▶ **WHAT THE TASK ASKS**:
A faithful, word-for-word copy of the data below is required, without pictures.

▶ **DATASET EXCERPT**:
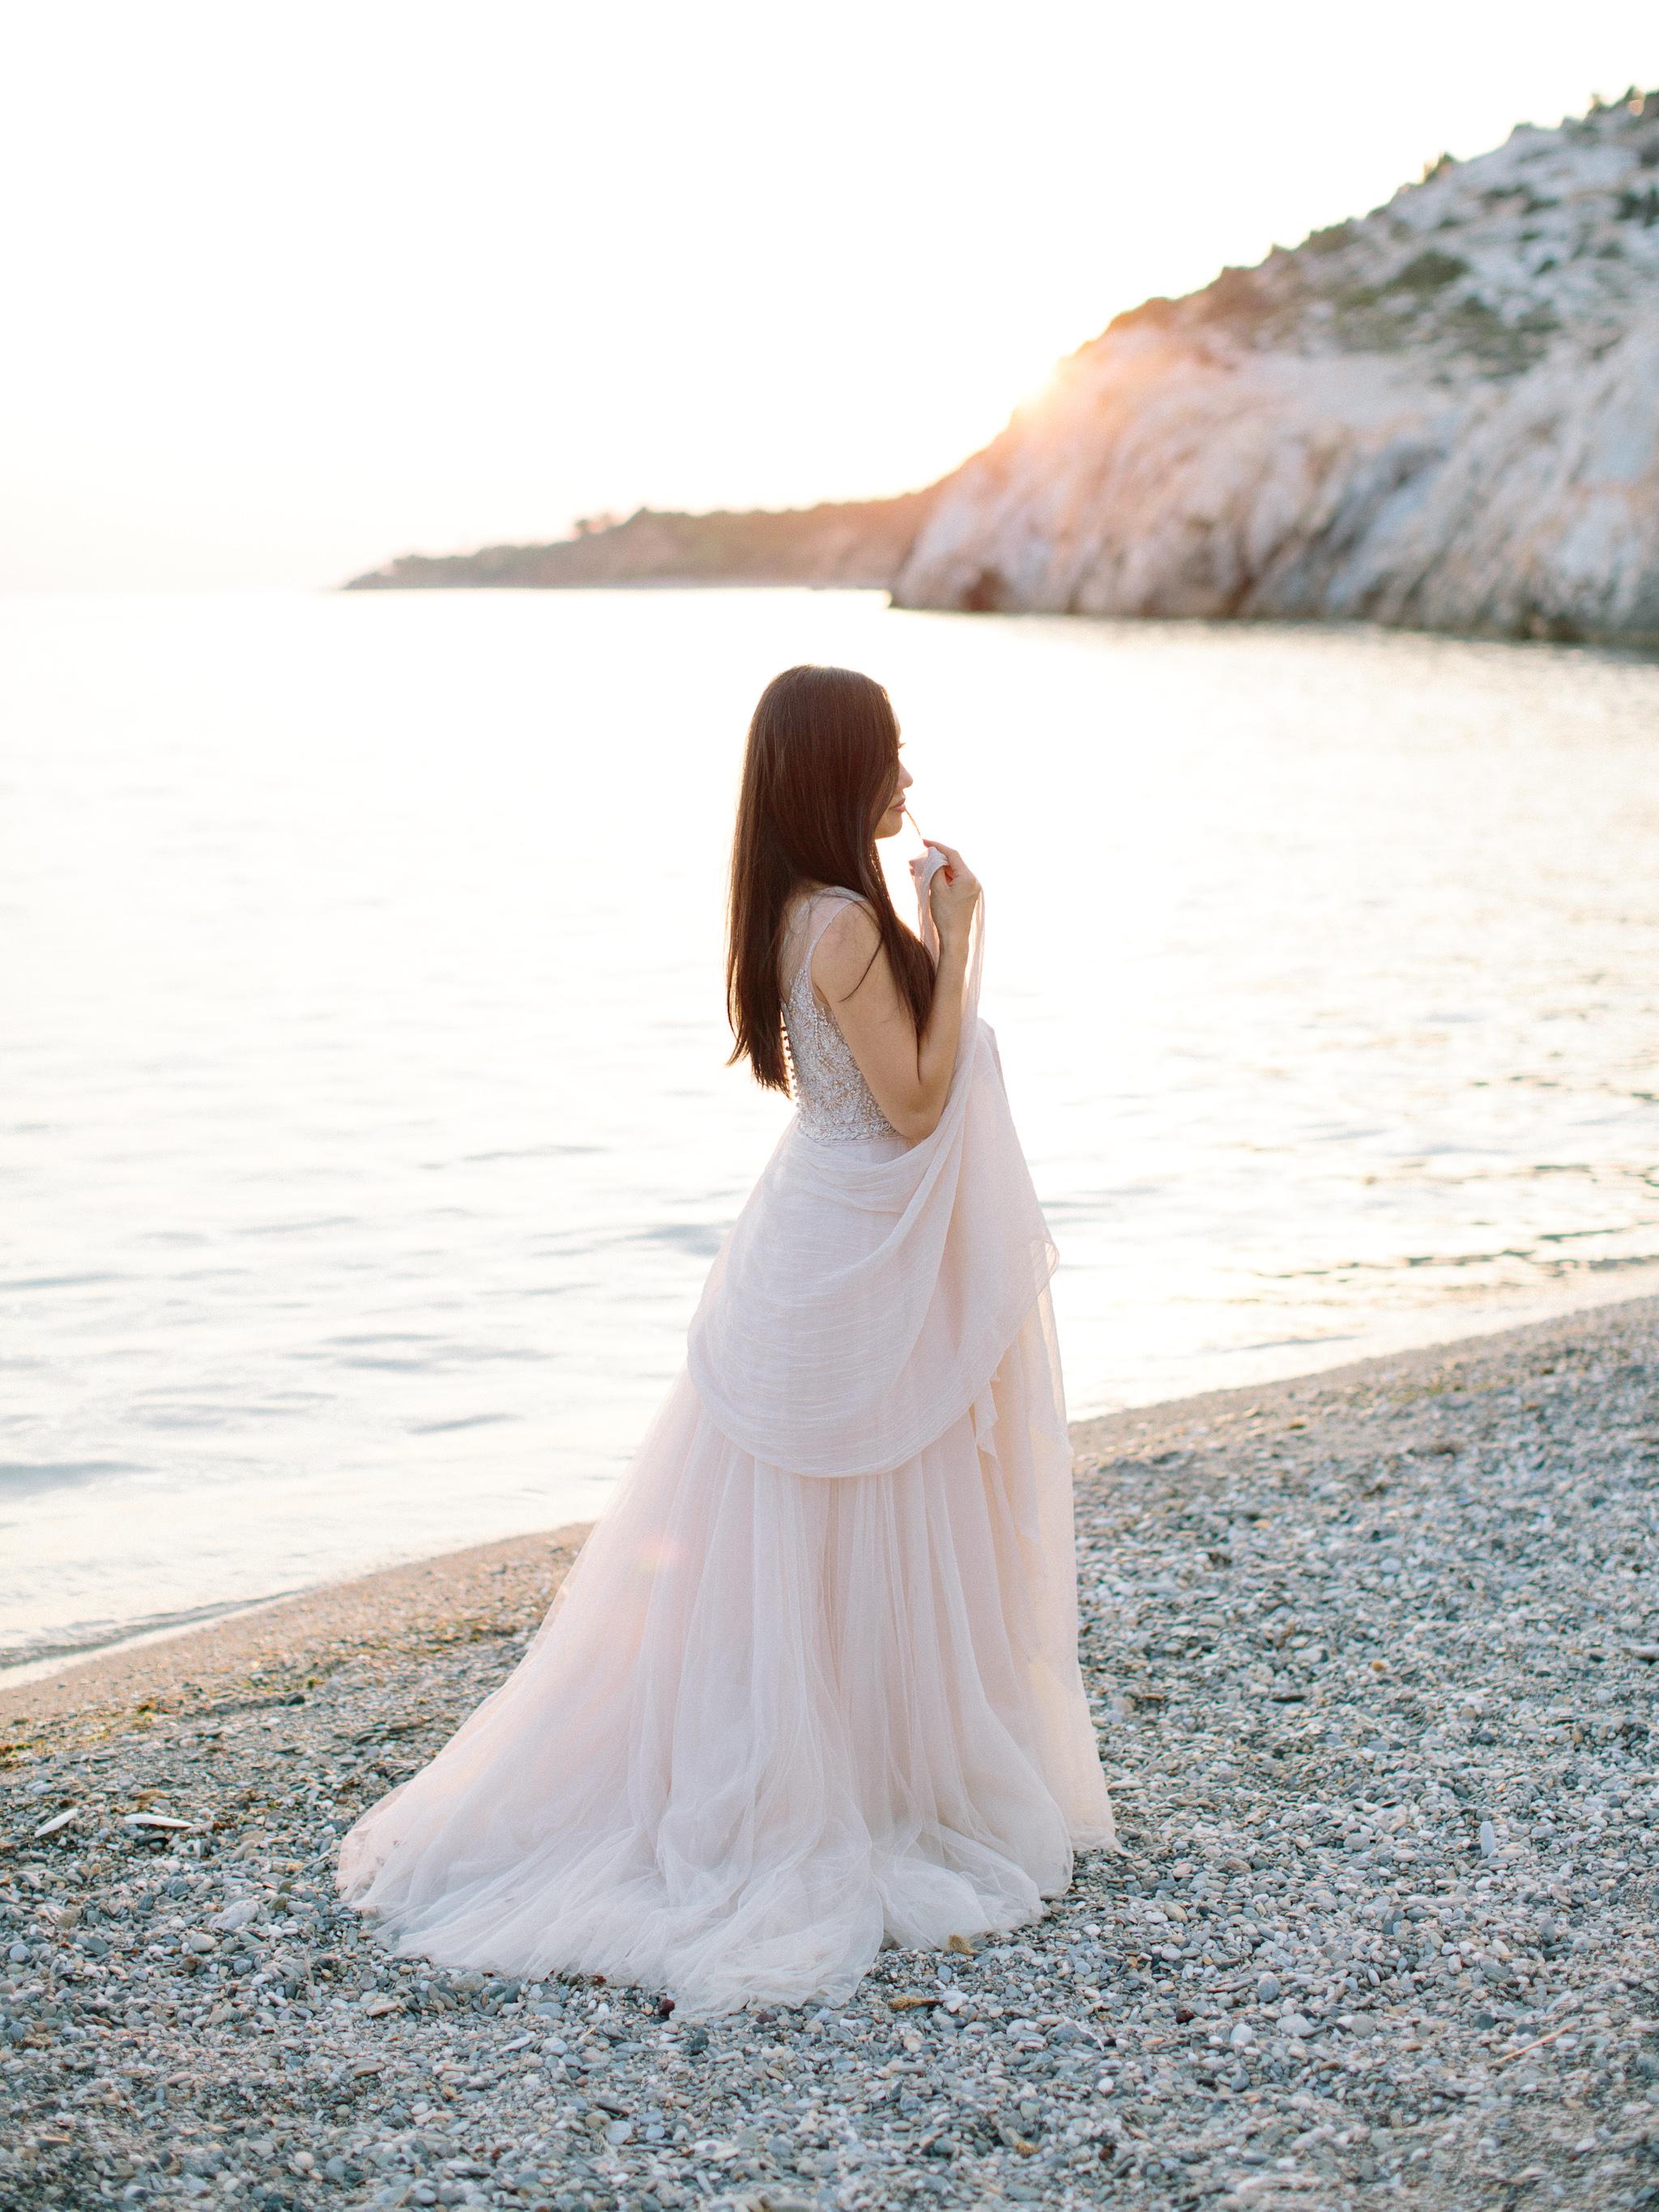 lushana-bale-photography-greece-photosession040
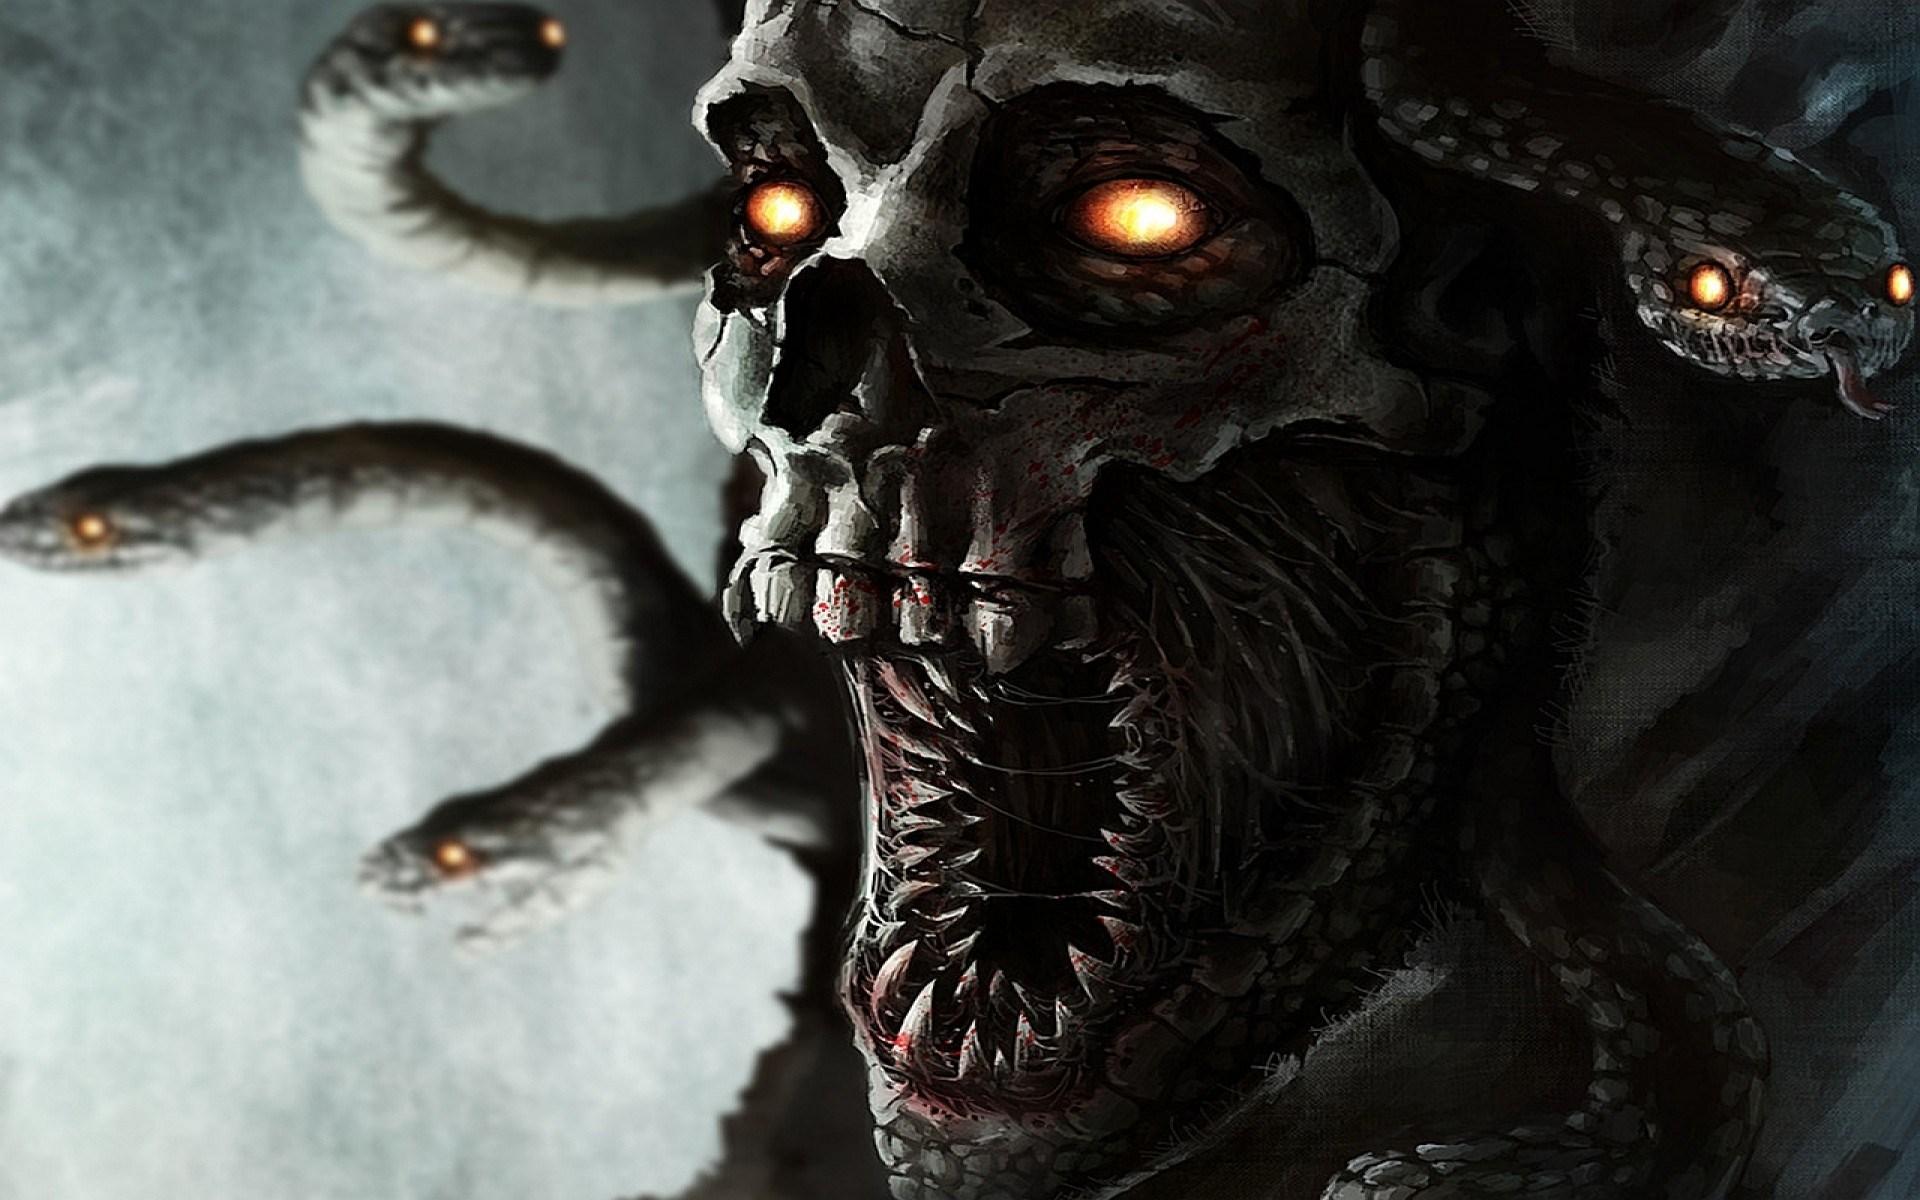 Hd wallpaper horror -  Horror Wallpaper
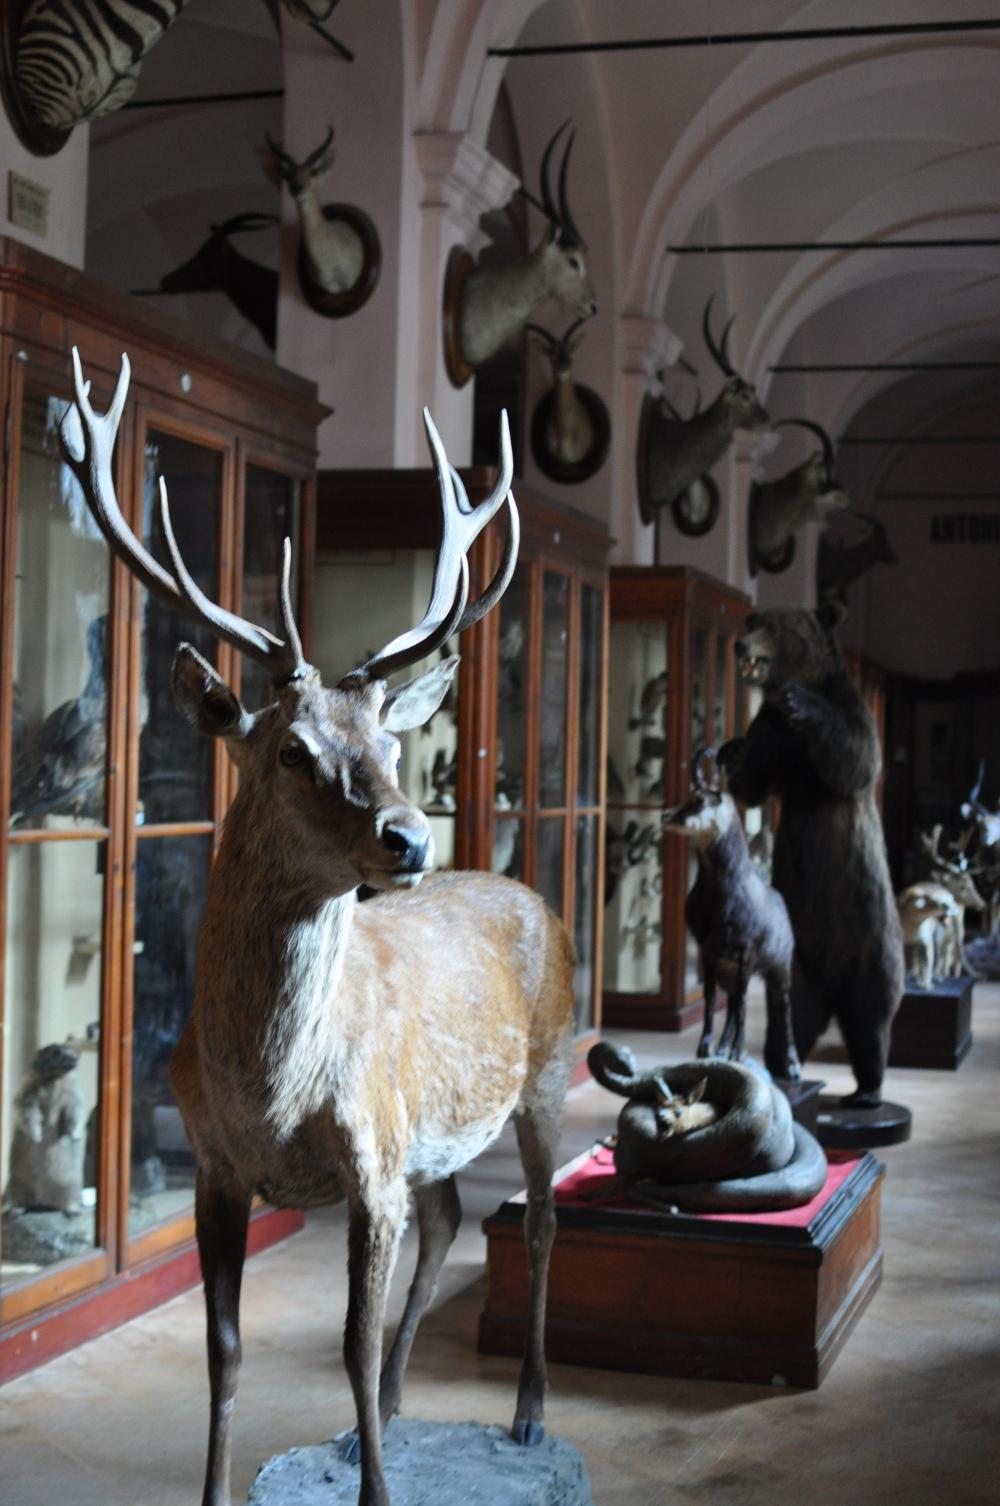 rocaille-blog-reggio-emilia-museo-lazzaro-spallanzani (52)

▶ **RESPONSE**:
 lushana-bale-photography-greece-photosession040
 Hd wallpaper horror -  Horror Wallpaper
 rocaille-blog-reggio-emilia-museo-lazzaro-spallanzani (52)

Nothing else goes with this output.